“I couldn’t resist.” He laid me on the bed and ran his hands up my forearms, keeping my hands latched around his neck. “If it bothered you, you could always have called black.”
He was so close that my mind seemed to scramble. “I wasn’t afraid.”
“No?” He pulled my arms free and laid them next to me. Hovering above me, his mouth curving wickedly, he was every bit the villain—one who scorched me to my core. “You should be.”
Chapter Seventeen
“No, that’s sugar.” Ilaughed as Garrett stared at the measuring scoop in his hand with a confused expression.
“Are you sure?”
“Yeah.” I pointed to the next large jar on the counter. “That’s the flour.”
He plucked the red lid off and stared down into the contents. “This looks just like the one I picked.”
“No it doesn’t. Flour is powdery. Sugar is grainy. All in the consistency. Did you never take a home economics class or even watch your mom cook?” I flipped the eggs and eyed the crisping bacon.
It was our fourth morning together after Bonnie brought groceries. Teaching Garrett how to cook had proven more difficult than I’d first thought, but he’d learned how to make an omelet, broil meat until it was done, and whip up a decent chicken salad.
“No. I was busy.”
“Doing what?” I scooped the bacon onto a plate covered with paper towels.
“Chasing girls, I guess.” He shrugged.
I arched an eyebrow as he leveled a scoop of flour and dumped it into a mixing bowl. “Literally or figuratively?”
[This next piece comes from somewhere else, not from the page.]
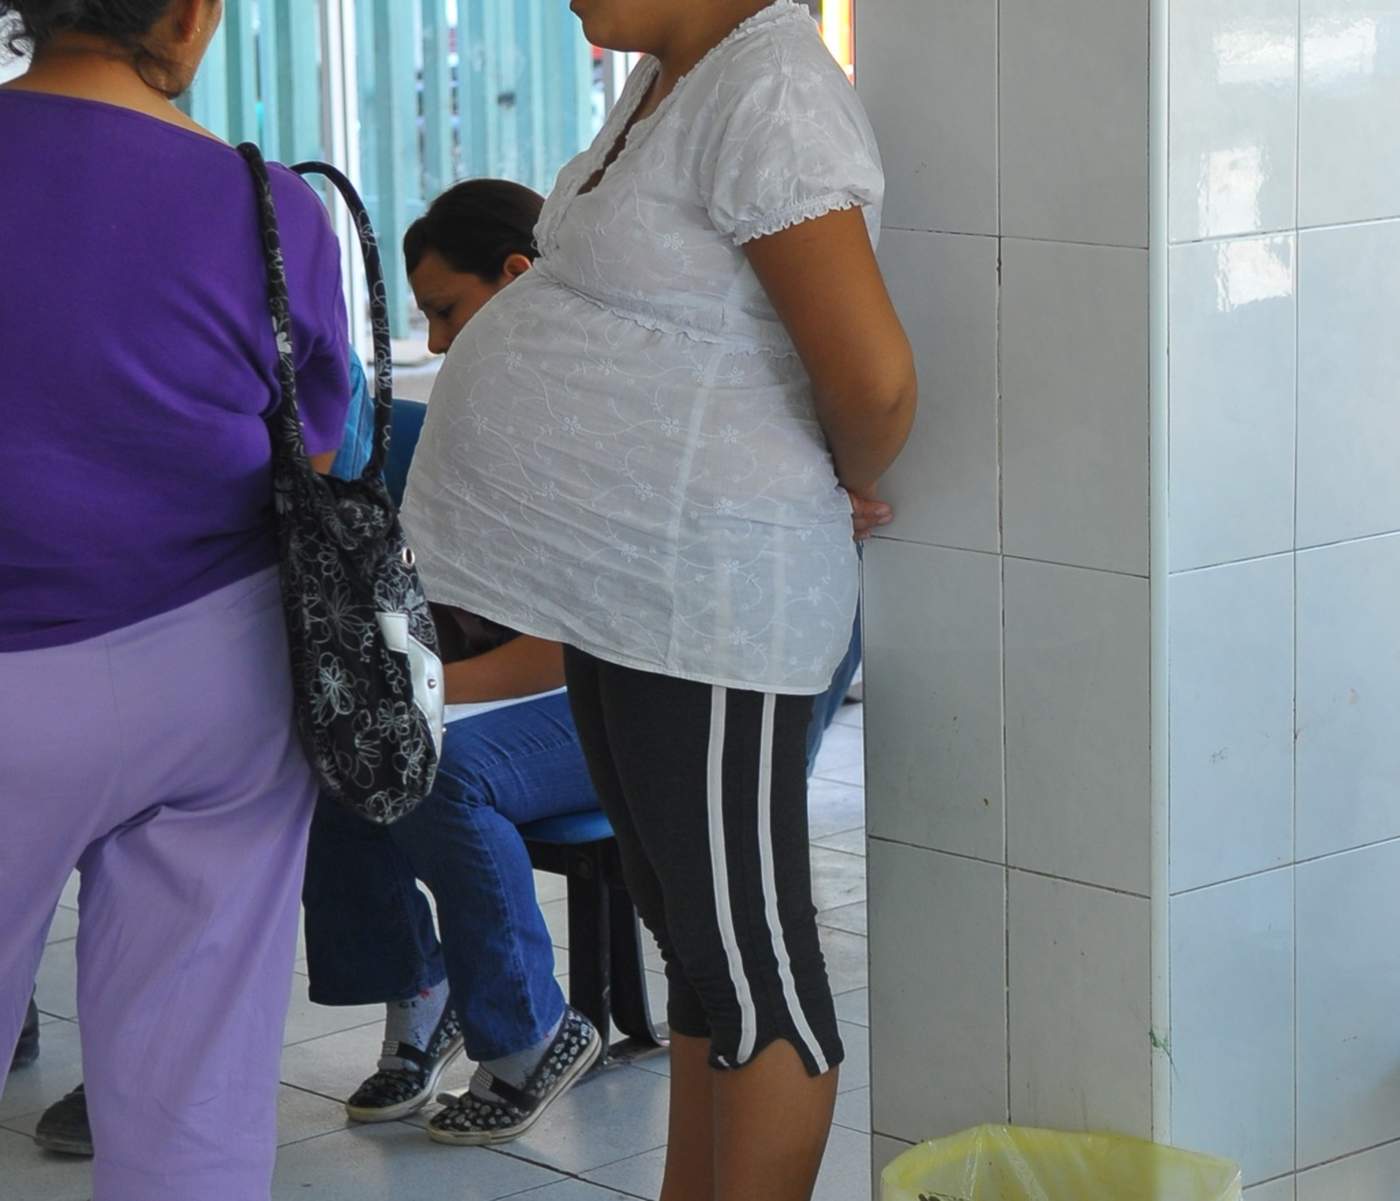 La Organización Mundial de la Salud establece como recomendación que la atención prenatal tenga un mínimo de ocho contactos, lo que puede reducir las muertes perinatales hasta en ocho por cada mil nacimientos. (ARCHIVO)
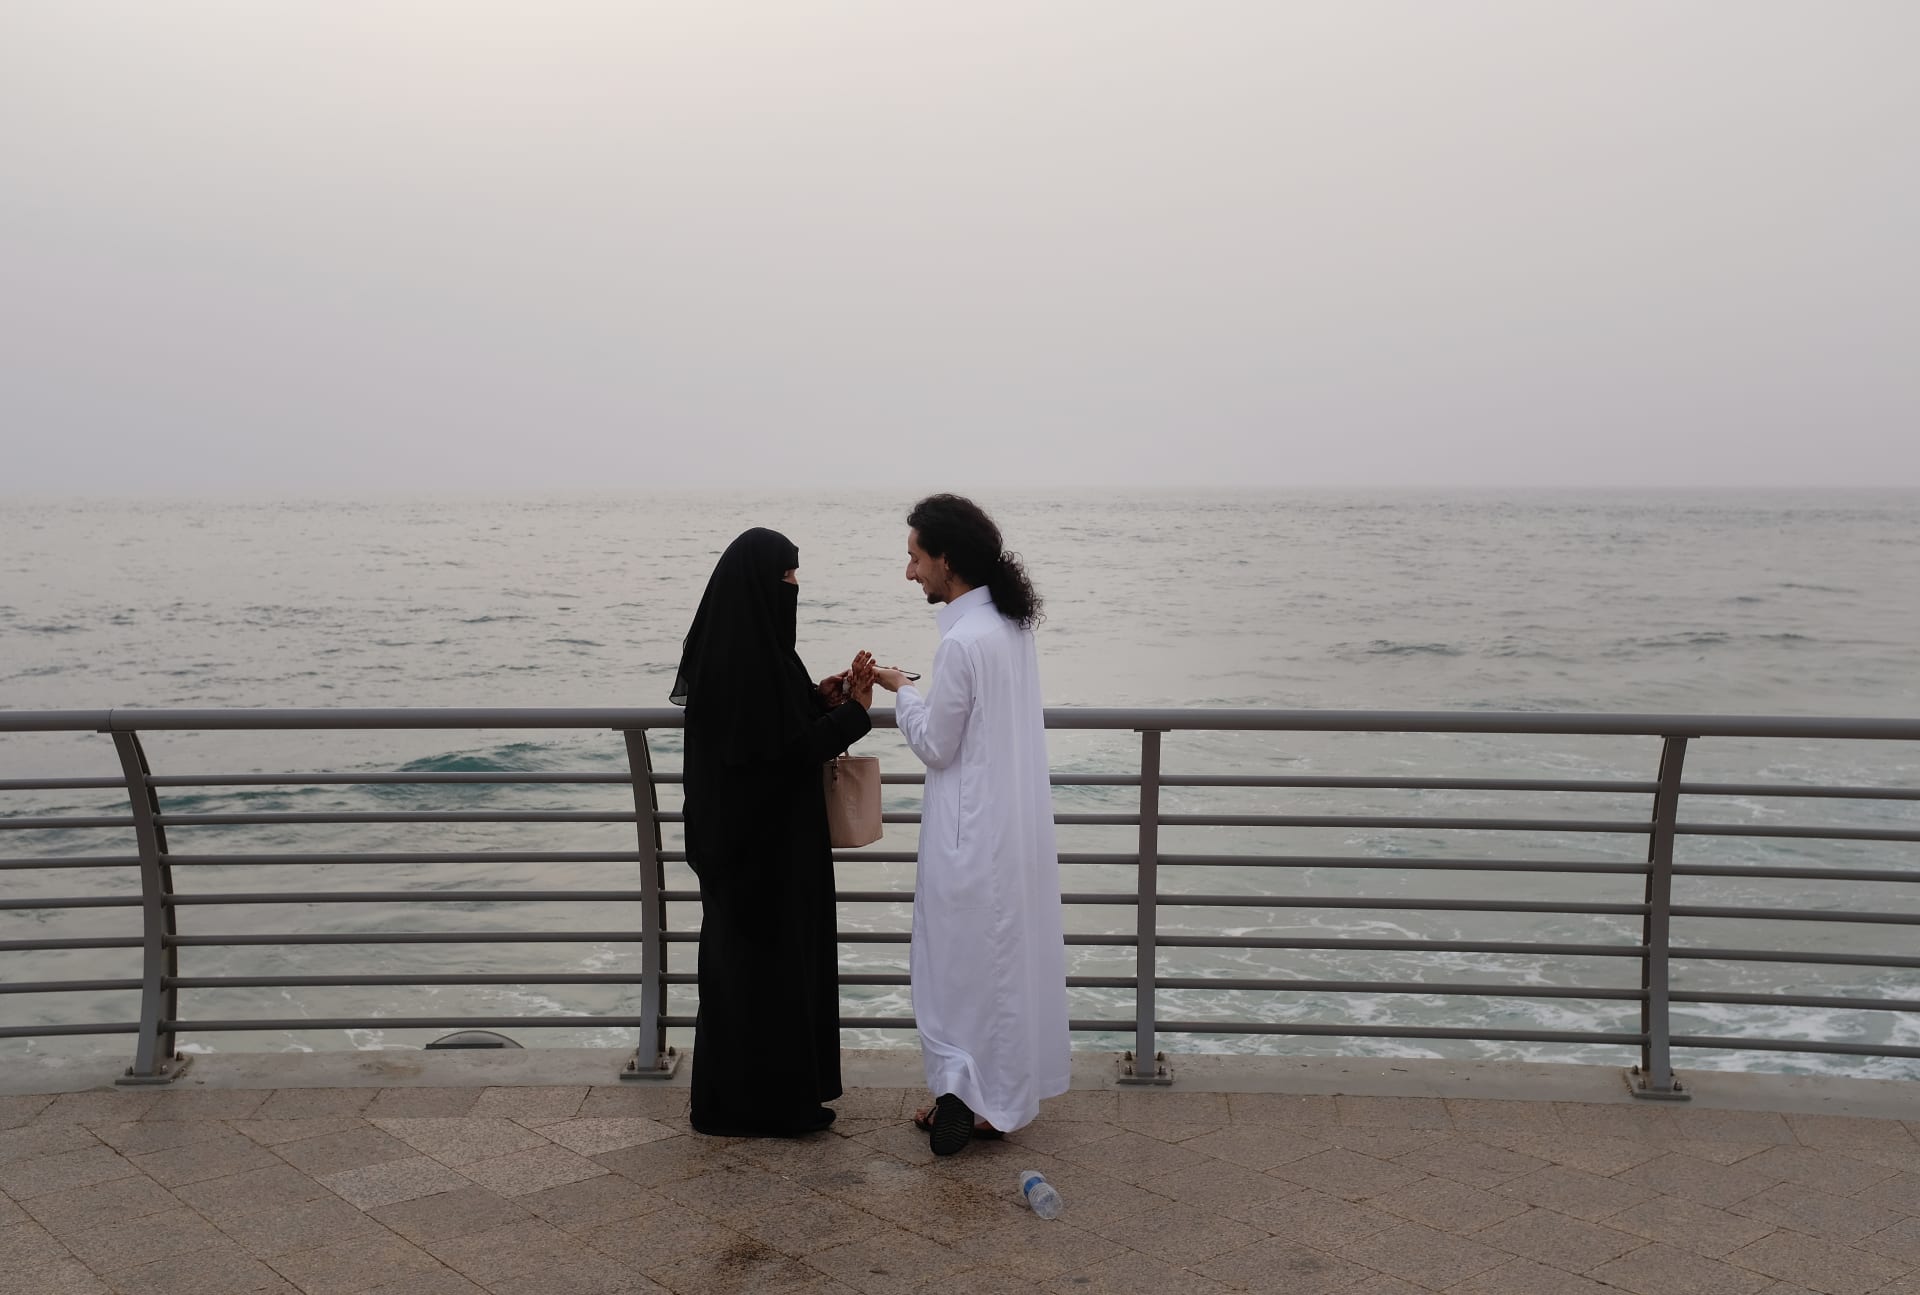 مستشار شرعي بالسعودية: التعارف قبل الزواج مباح.. والتوسع بـ"سد الذرائع" لن يبقي للناس شيئا

He smiled. “A little of both.”
The more time we spent together, the more I saw the version of him that existed before Joan, before Lillian, and before everything that seemed to trap him at Blackwood. It scared me how much I liked him, the real him. He hadn’t slept with me again after that first night. I didn’t ask, though I wanted to keep trying to break down his walls. As he cracked an egg into the flour and started digging out the pieces of shell, I realized Iwasbreaking them down. Cooking with Garrett seemed an impossibility only a week ago. Now we worked in the kitchen like a team, easy with each other in a way that should have seemed peculiar but didn’t.
“You get all the shell?” I peeked around him as he flicked a jagged piece into the sink.
“Think so. What now?”
“Buttermilk.” I pulled open the fridge and handed him the carton.
“How much?”
“Pour. I’ll say when.”
He opened the container, his large hands making quick work of the cardboard. I let my eyes wander up his sinewy forearms to the ink at his elbow. Other than some looks that could melt a glacier, he hadn’t touched me or made a move. The tension built, invisible but so thick it was almost tangible. I had to force myself to stay in my room at night instead of creeping to his.
My leg had healed since my run, the wounds sewing together faster the second time. My limp was all but gone, and I intended to restart my investigation in the next few days.
“That much?”
I snapped out of my gawking at his arms and looked in the bowl. He’d poured almost all the buttermilk because I hadn’t said “when.”
“When!” I put my hand on his wrist. “My bad.”
“Daydreaming over there?”
“No, I was, um… Just stir the batter and add another cup of flour. That should sort it out.” I returned to the stove and slid the eggs onto a plate.
We wound up making enough pancakes to feed all of Browerton, but the food was good, and we enjoyed each other’s company as we ate.
When I’d cleaned my plate and rubbed the food baby growing in my stomach, a grating noise from outside caught my attention. I turned to stare out the dusty dining room window. “What was that?”